Donald Trump won the 2024 election because he was the change candidate who championed working-class discontent. He also successfully branded Kamala Harris, so voters worried about the kind of changes she would bring.

Harris had been speaking to more powerful currents of working-class discontent, and that put her in the lead. She promised to help with the cost of living, blamed monopolies for inflation, and vowed to shift power from the billionaires to the middle class. But she became ambivalent about championing those changes. That allowed Trump to regain momentum and win.
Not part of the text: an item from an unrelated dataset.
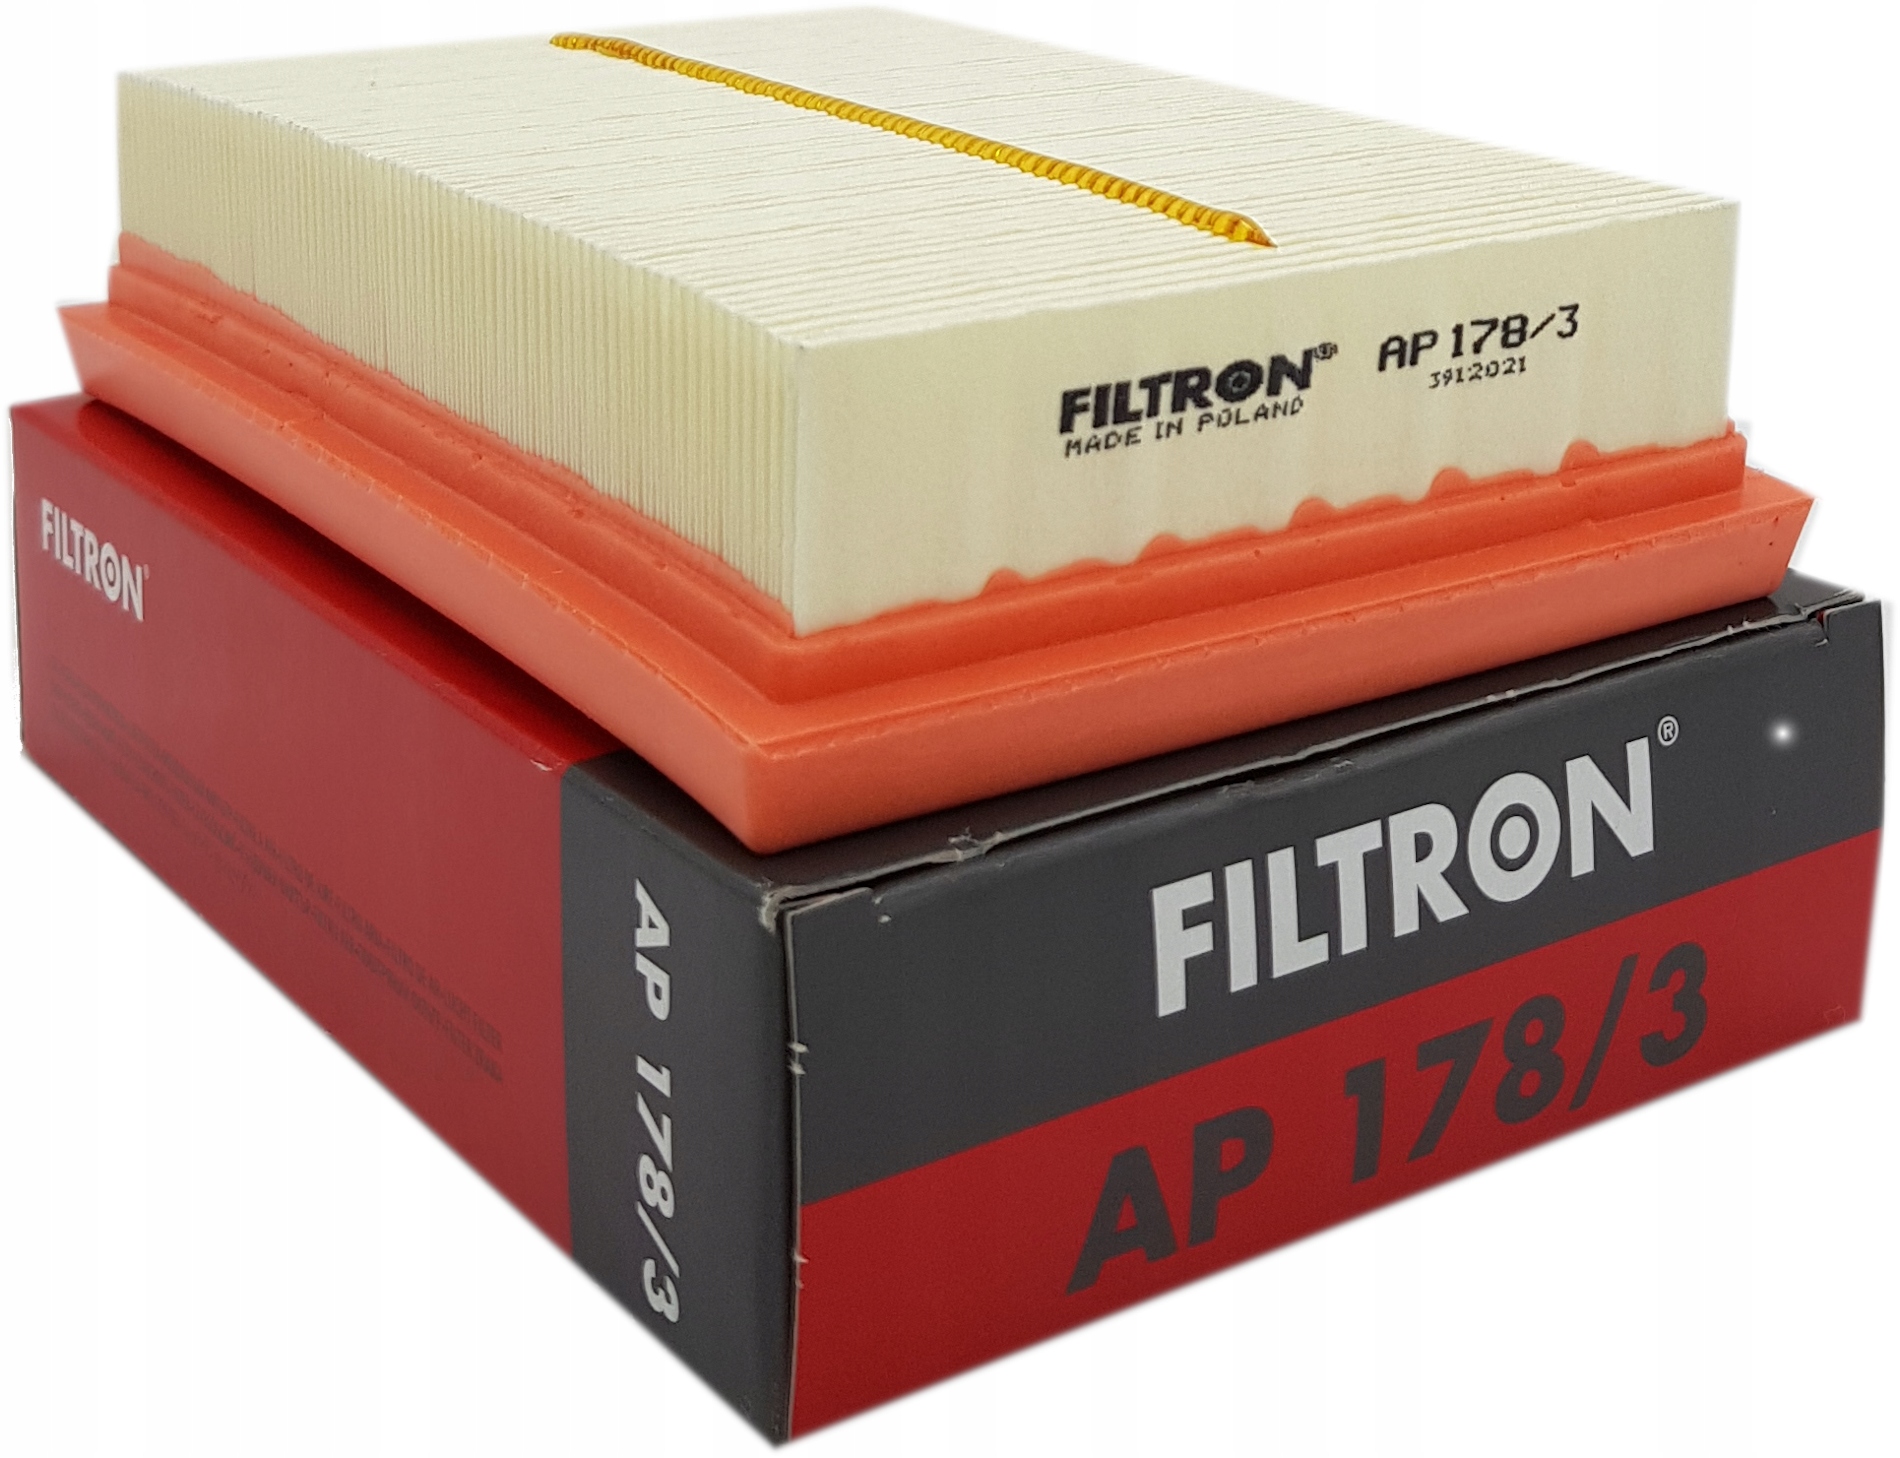 Ap фильтр воздушный. Воздушный фильтр FILTRON ap082/1 drive2. Air Filter ap1330. K1310 FILTRON фильтр салона Toyota Prius/Hilux 15-. FILTRON воздушный фильтр AP 028 купить.

I do not believe Trump’s winning coalition will endure. Trump won a mandate on immigration, prices, and anti-“woke” policies, but he’s can’t maintain all of those priorities. Prices won’t rapidly fall unless there’s a damaging recession. His policies may raise interest rates, mortgage payments, and credit card debt. Tariffs may raise prices. And Trump is going to give the billionaires and big corporations the sweetest tax cut possible and make it as hard as possible for workers.

But Democrats will be forced to address many of the challenges raised by this election.

From the moment Joe Biden took office, the great working-class majority grew desperate with spiking prices, the safety of their neighborhoods, and government listening to the biggest corporations and elites and neglecting the concerns of working people.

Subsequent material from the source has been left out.